When we use it: For hybrid pieces that layer under a hard shell or for shell jackets in mild climates (Pacific Northwest spring, UK summers). It's not a replacement for Shield; it's a different tool.
6. How do I know if my manufacturer is using genuine Pertex vs. a knock-off?
I ran a blind test with our production team: same jacket design, one using genuine Pertex Quantum with Pertex's hang-tag, the other using a generic 10D nylon ripstop from the same mill district. 80% identified the generic as feeling "less smooth" and "more papery" when handled blind. The cost difference was $1.80 per jacket on a 5,000-unit order—that's $9,000 total for measurably better hand feel and brand story authenticity.

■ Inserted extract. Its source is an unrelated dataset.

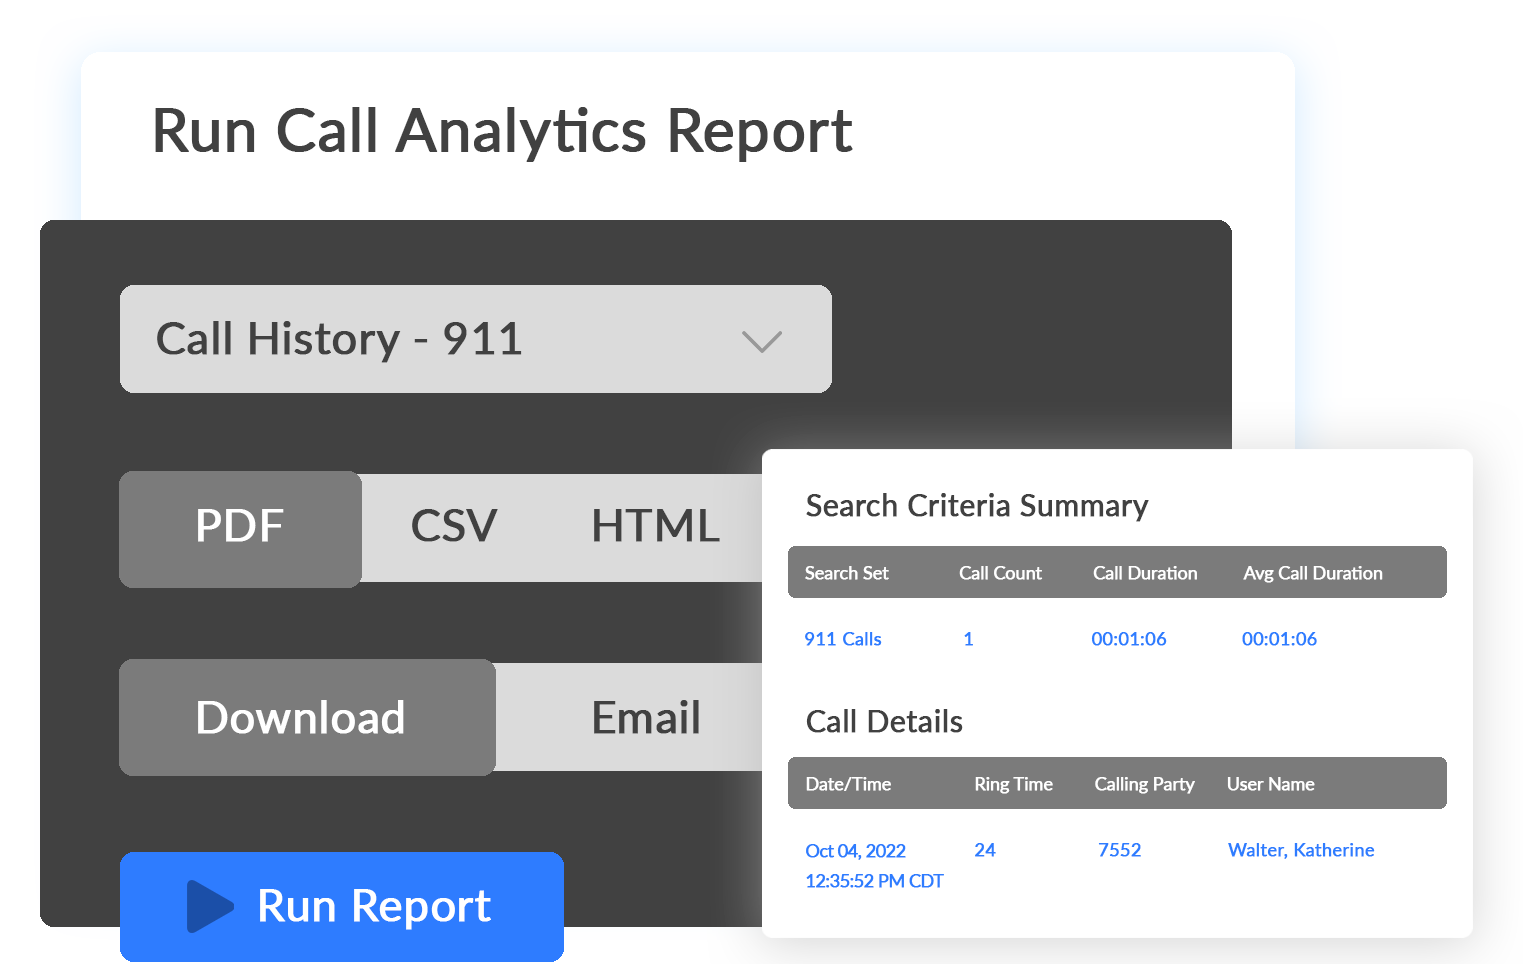 Find call details with a quick search.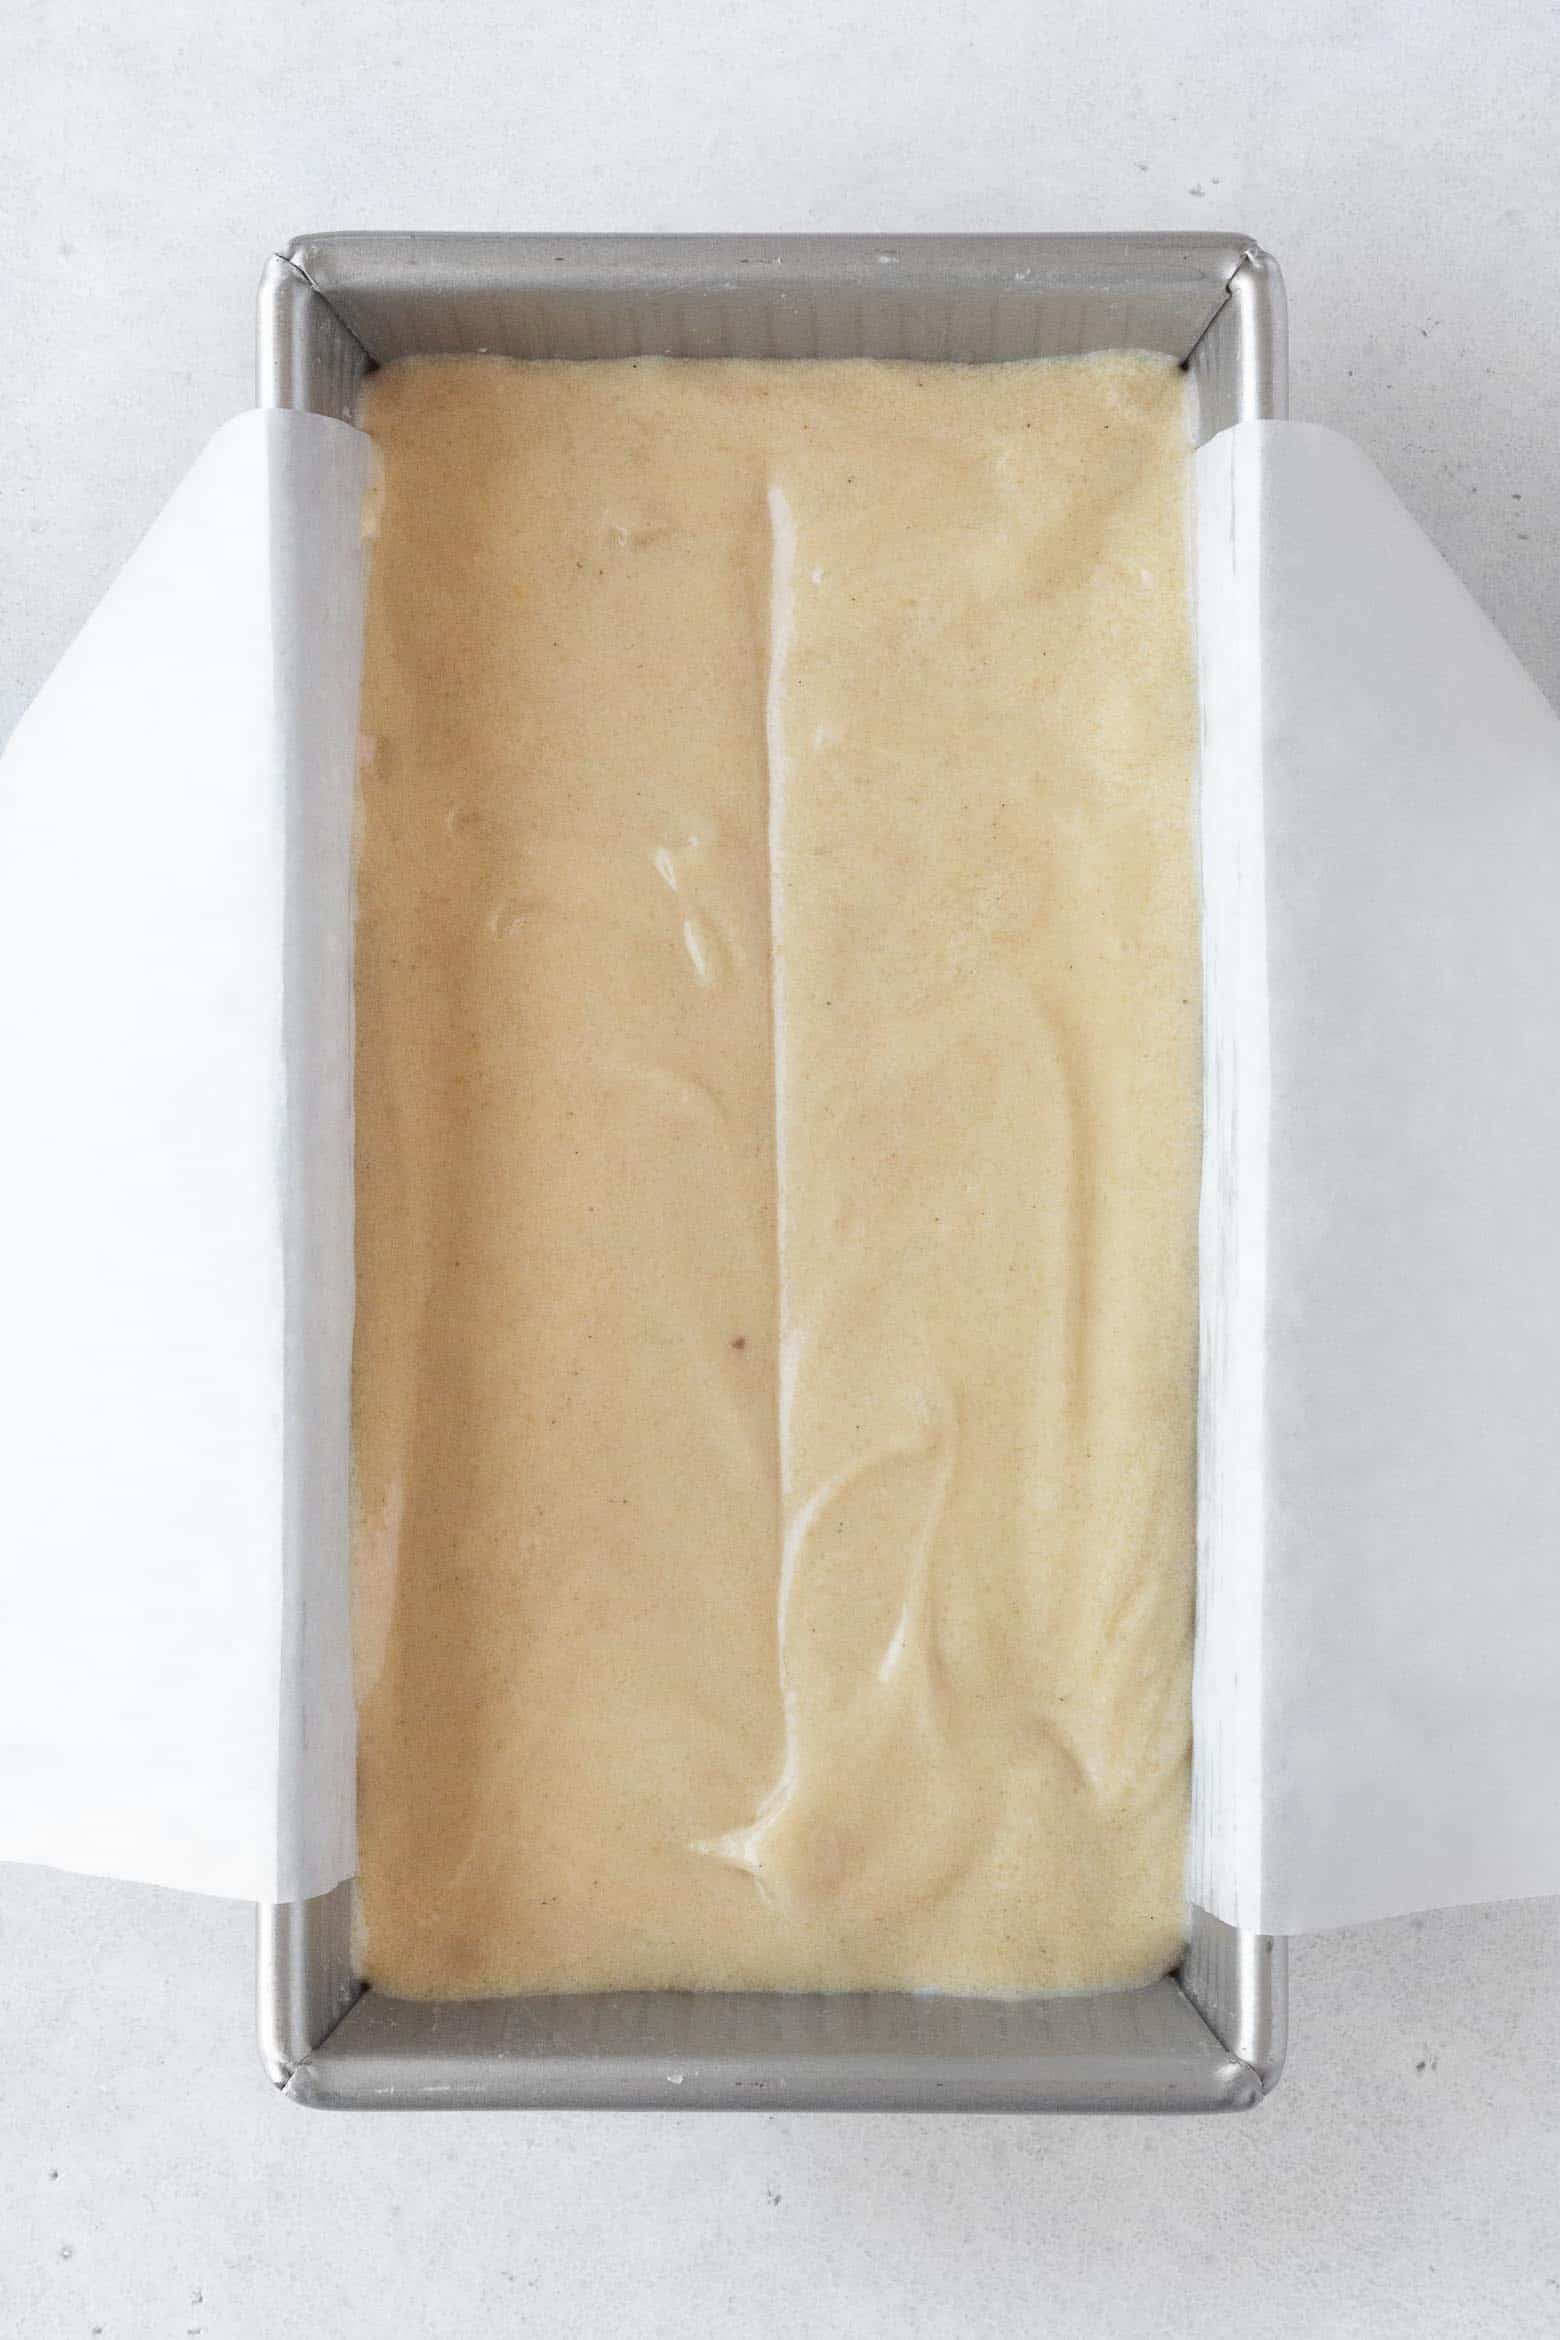 Pour the cake batter in a parchment paper lined loaf pan.

But fakes are out there. In 2023, we intercepted a shipment where a supplier had printed "Pertex" onto plain nylon. It passed the visual check but failed on weight (off by 4 g/m²) and air permeability.
My verification protocol:
- Request Pertex's official shipping labels and QR codes (Pertex has a traceability system)
- Test fabric weight vs. the spec sheet—Quantum 10D is spec'd at 27 g/m² ± 2 g
- Check the YKK zipper if it's a full jacket; Pertex licensed fabrics are often paired with specific trims
If your supplier can't provide Pertex's mill certificate for the exact lot, that's a red flag.
7. Is Pertex worth the price premium over generic fabrics?
Here's the honest answer from someone who's costed both sides: for most brands, the Pertex name adds a marketing premium that you can charge back to your customer. A jacket that says "Pertex Quantum" on the tag can command $30–50 more retail than the same jacket with a generic 10D nylon shell. Whether that's worth it depends on your brand positioning.
On performance alone, the gap is smaller than the price suggests. A high-quality generic 10D nylon with a good DWR can be 90% of the way there for 60% of the cost. But the Pertex tag gives you a story, a guarantee of consistency (Pertex has stricter QA than most mills), and a trust signal for outdoor consumers who know the name.
In our 2023 customer survey, 65% of respondents said the Pertex hang-tag positively influenced their purchase decision. Perception is real, even if the performance delta is incremental.
Bottom line: If your customer knows what Pertex is, the premium is justified. If they don't, you're paying for a feature they won't see. And given that "what is pertex fabric" is still a common search query, your marketing better explain it—because the fabric alone won't sell itself.